Feminis itu sendiri berasal dari kata ”Femme” (woman), berarti perempuan
(tunggal) yang berjuang untuk memperjuangkan hak-hak kaum perempuan
(jamak) sebagai kelas sosial (Ratna, 2004: 184). Tujuan feminis menurut Ratna
(2004: 184) adalah keseimbangan interelasi gender. Feminis merupakan gerakan
yang dilakukan oleh kaum wanita untuk menolak segala sesuatu yang
dimarginalisasikan, disubordinasikan, dan direndahkan oleh kebudayaan yang
dominan, baik dalam tataran politik, ekonomi, maupun kehidupan sosial lainnya.
Pada dasarnya gerakan feminisme ini muncul karena adanya dorongan ingin
menyetarakan hak antara pria dan perempuan yang selama ini seolah-olah
perempuan tidak dihargai dalam pengambilan kesempatan dan keputusan dalam
hidup. Perempuan merasa terkekang karena superioritas laki-laki dan perempuan
hanya dianggap sebagai “bumbu penyedap” dalam hidup laki-laki. Adanya
pemikiran tersebut tampaknya sudah membudaya sehingga perempuan harus
berjuang keras untuk menunjukkan eksistensi dirinya di mata dunia.
Gerakan feminis sudah berkembang pesat pada tahun 1960-an di Amerika
Serikat, yang merupakan suatu gerakan politik di beberapa negara barat tertentu.
Sedangkan ciri lain yang bisa menandai tahun 1960 ialah bahwa gerakan politik
dan kegiatan akademis yang memilih perempuan sebagai fokus perhatiannya
dianggap sebagai tahap pertama dari perkembangan kajian wanita. Sebagai
kelanjutan dari anggapan ini, maka yang dianggap sebagai inti pandangan
feminisme ialah setiap perempuan juga perlu mempunyai hak untuk dapat
memilih apa yang menurut ia baik. Artinya, yang baik bukan yang ditentukan
kaum lelaki atau orang lain baginya sebagai perempuan.
Dalam ilmu sastra, feminisme ini berhubungan dengan konsep kritik sastra
feminis yaitu studi sastra yang mengarahkan fokus analisis kepada wanita. Kritik
sastra feminis seperti yang disebutkan dalam Reading as A Woman oleh Millet
bukan berarti pengkritik wanita, kritik tentang wanita, atau kritik tentang
pengarang wanita melainkan bertugas untuk menganalisis ide-ide pengarang
tentang perempuan dalam karya sastra. Reading as A Women menurut Culler yaitu
menghindari melihat suatu karya sastra dari sudut pandang pembaca laki-laki
tetapi mengidentifikasi dan mengoreksi suatu karya sastra dari sudut pandang
wanita. Arti sederhana yang dikandung adalah pengkritik memandang sastra dengan kesadaran
khusus; kesadaran bahwa ada jenis kelamin yang banyak berhubungan dengan
budaya, sastra, dan kehidupan. Membaca sebagai wanita berarti membaca dengan
kesadaran membongkar praduga dan ideologi kekuasaan laki-laki yang
androsentris atau patrialkal, yang sampai sekarang masih menguasai penulisan
dan pembacaan sastra. Perbedaan jenis kelamin pada diri penyair, pembaca, unsur
karya dan faktor luar itulah yang mempengaruhi situasi sistem komunikasi sastra.

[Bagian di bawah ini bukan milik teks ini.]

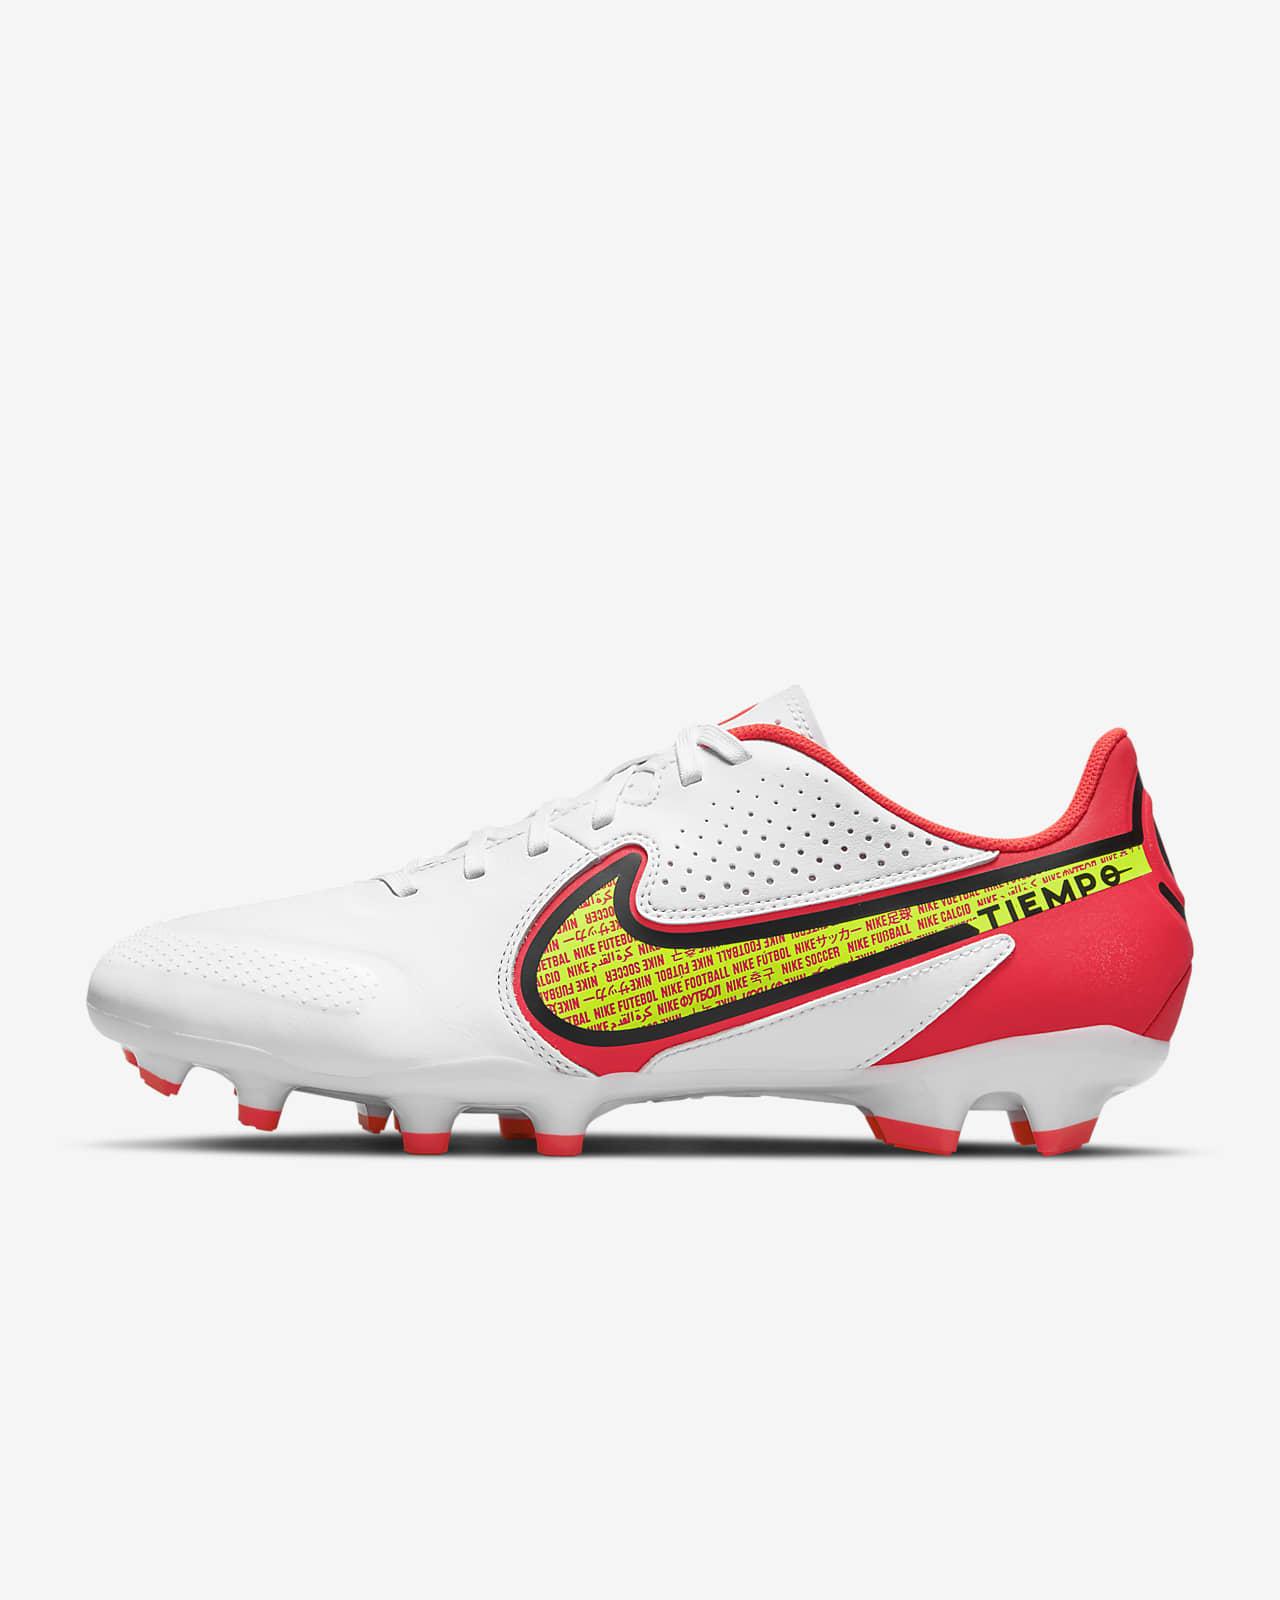 Nike Legend 9 Academy FG/MG 男/女多种场地足球鞋

Endraswara mengungkapkan bahwa dalam menganalisis karya sastra dalam kajian
feminisme yang difokuskan adalah kedudukan dan peran tokoh perempuan dalam
sastra, ketertinggalan kaum perempuan dalam segala aspek kehidupan dan
memperhatikan faktor pembaca sastra (.Endraswara 2003: 146 via Evita).
Jika pada mulanya penelitian feminis mengenai media meneliti “citra
tentang perempuan”, maka sejak pertengahan tahun 1970-an dan seterusnya,
banyak feminis yang bergelut dengan film, media dan kajian budaya mulai
mengalihkan perhatiannya pada „citra untuk perempuan‟ (Brunsdon 1991, 365).
Film perempuan sudah menjadi kategori penting dalam industri perfilman karena
target penontonnya perempuan, suatu strategi yang sering dikaitkan dengan
sinema Hollywood „klasik‟ tahun 1930-an, 1940-an dan 1950-an. Oleh karena
alasan ini, film-film dari periode inilah yang menarik sebagian besar perhatian
kritikus feminis.
Meskipun ada fakta yang menyebutkan bahwa film perempuan sebagai
suatu kategori berkaitan juga dengan berbagai macam genre, tapi masih
memungkinkan untuk mengidentifikasi sejumlah ciri-ciri utama yang memberikan
koherensi pada kategori film perempuan ini. Misalnya, Maria La Place
berpendapat bahwa film perempuan dibedakan oleh tokoh utamanya yang
perempuan, sudut pandang perempuan dan narasinya yang sering kali berkutat di
sekitar realisme tradisional pengalaman perempuan seperti keluarga, rumah
tangga, percintaan, emosi, dan pengalaman yang terjadi sebelum munculnya
tindakan atau peristiwa. Salah satu aspek terpenting dari genre ini adalah adanya
suatu tempat mencolok yang sesuai dengan hubungan antara perempuannya.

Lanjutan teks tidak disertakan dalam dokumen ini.